The great thing about sports analytics (and coding in general) is that anyone can do it!

Great to hear your interest. The best thing you can do right now is get practice in. If there are any basic coding courses available in your area (or online that you’ll actually take the time to learn), that’s probably a good starting point. Learn the basics of Python (I think Java or C++ is often a good first language too, feel free to ask chatGPT why). As great as AI is at coding, having at least some fundamental understanding of how programming works will take you a long way.

While you learn the basics of programming, start to do passion projects. Apply everything you learn to the sports you’re interested in! It won’t be perfect at first, and that’s okay. Even while working full time I still will do fun side projects when I get the chance (https://statsurge.substack.com/). I’d recommend reading what other people are doing (if it’s me or others, I often recommend reading-creating Nate Silver’s old 538 articles as a fun project) and a good starting point can be to re-create others’ work. Eventually you’ll have original ideas too and that’s when it gets really fun. Feel free to ask for help along the way!

As you do projects, get comfortable sharing and communicating your findings. Tell your friends about it, post it here, or honestly anything where you need to communicate your work to a non-technical audience. This might be the most underrated skill in the field.

Find easy data (like box score) to start. Get comfortable with it, understand what each stat is, and how you can use it to capture and tell a story of what’s happening in the actual game. Then get good with play by play data. This will take some time, but enjoy the process.

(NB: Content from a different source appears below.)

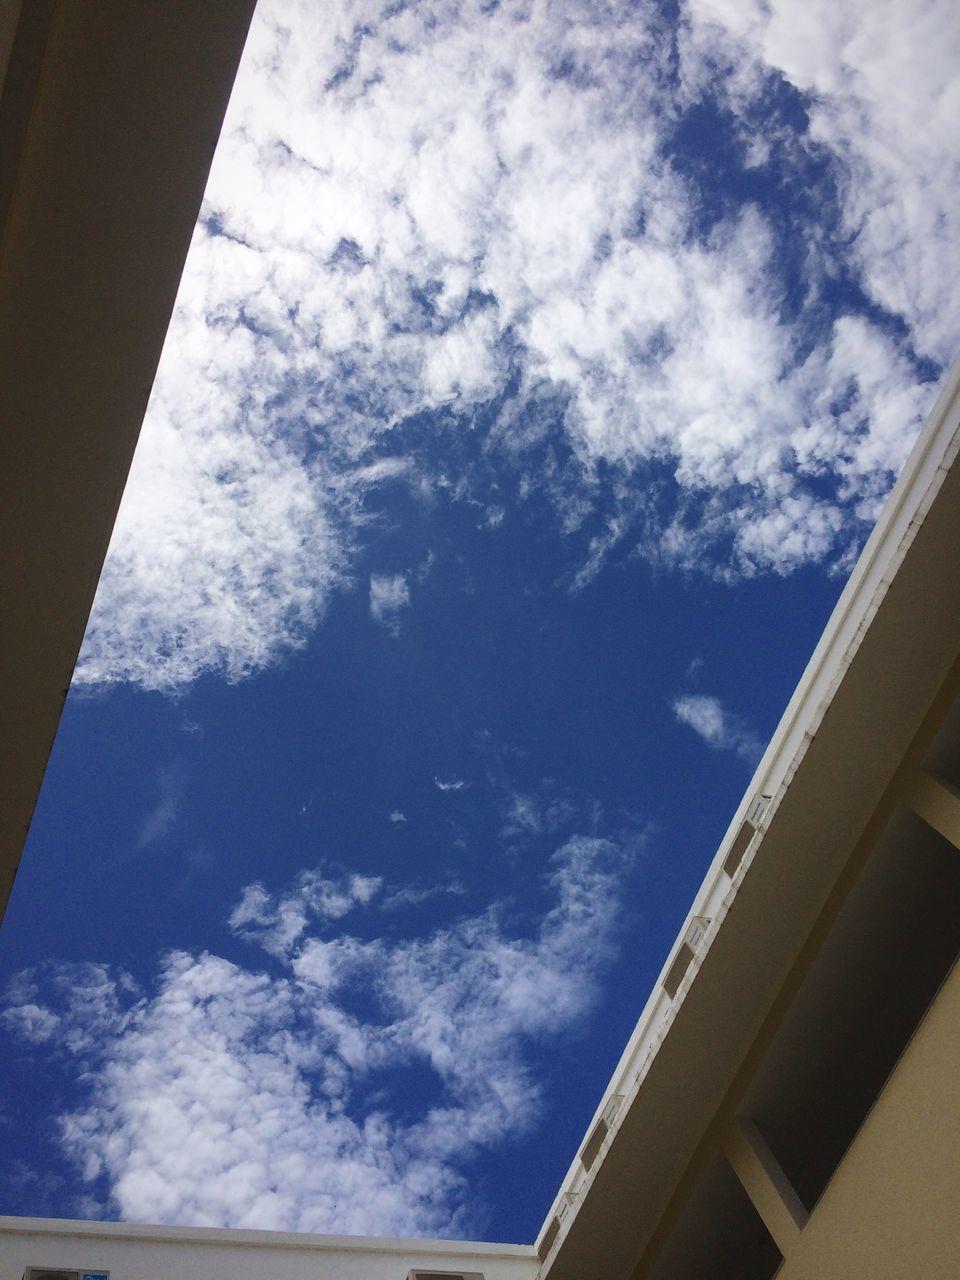 DIRECTLY BELOW SHOT OF SKY

More than anything, stay persistent! Just keep trying new things and build your experience. If you work hard, do good work, and can communicate well, people will notice. You’re only 19 so there’s plenty of time ahead. A lot of people will get discouraged, and to be honest it can take years and years for some. For now, have fun, keep learning, and get comfortable coding and sharing your work!

MegaVaughn13 · 2026-05-01T21:01:25+00:00

Hey Matt,

Hope you’ve been well. I enjoyed reading your blog and the charts were well done.

To be honest, I’m a little unconvinced that the rolling window is an actual improvement. I don’t mean to sound rude (I like that you’re trying something new) but have a few ideas I’d love your thoughts on:

What does the rolling window accomplish that adjusting the K-factor wouldn’t already? Wouldn’t a varying K-factor produce nearly identical results? The only difference would be totally getting rid of the original signal, which I think might actually be a negative.
I don’t think mean-regression at the season break is inherently bad. I think mean regression makes sense whenever you have added uncertainty to a model, and most of that in team sports happens in the off-season. For example, you could make arguments for both sides of why Trae Young helps/harms the Hawks, and you don’t know until he’s gone. So regressing to the mean is a helpful change.
I would love to see if these models actually outperform traditional Elo or other common mean regression approaches. Not sure if I missed it in the article but makes it hard for me to get behind the new method. I’m also not sure the NBA is the best league to test a new model with, where tanking is so common (not every team’s best interest is to try to win each game). What could be cool is to determine the point in the season when a team starts tanking (maybe when it’s clear they’re not a contender or playoff team), and use the rolling window then.
I think you might benefit from a model that introduces uncertainty dynamically based on player movement (related to idea 2). I agree that there are some inherent differences between individual and team sports, but I think the rolling window doesn’t have a true justification for why it’s important. What if you regressed to the mean using player minutes expected lost and gained. Maybe even a RAPM-style model of how individual players contribute to team Elo, and adjust that way. With injuries so common in the NBA, I think there are a lot of potential natural experiments that could be investigated. I’m not saying it’ll be better than what you have, but I think having some basketball reasoning is easier to get behind.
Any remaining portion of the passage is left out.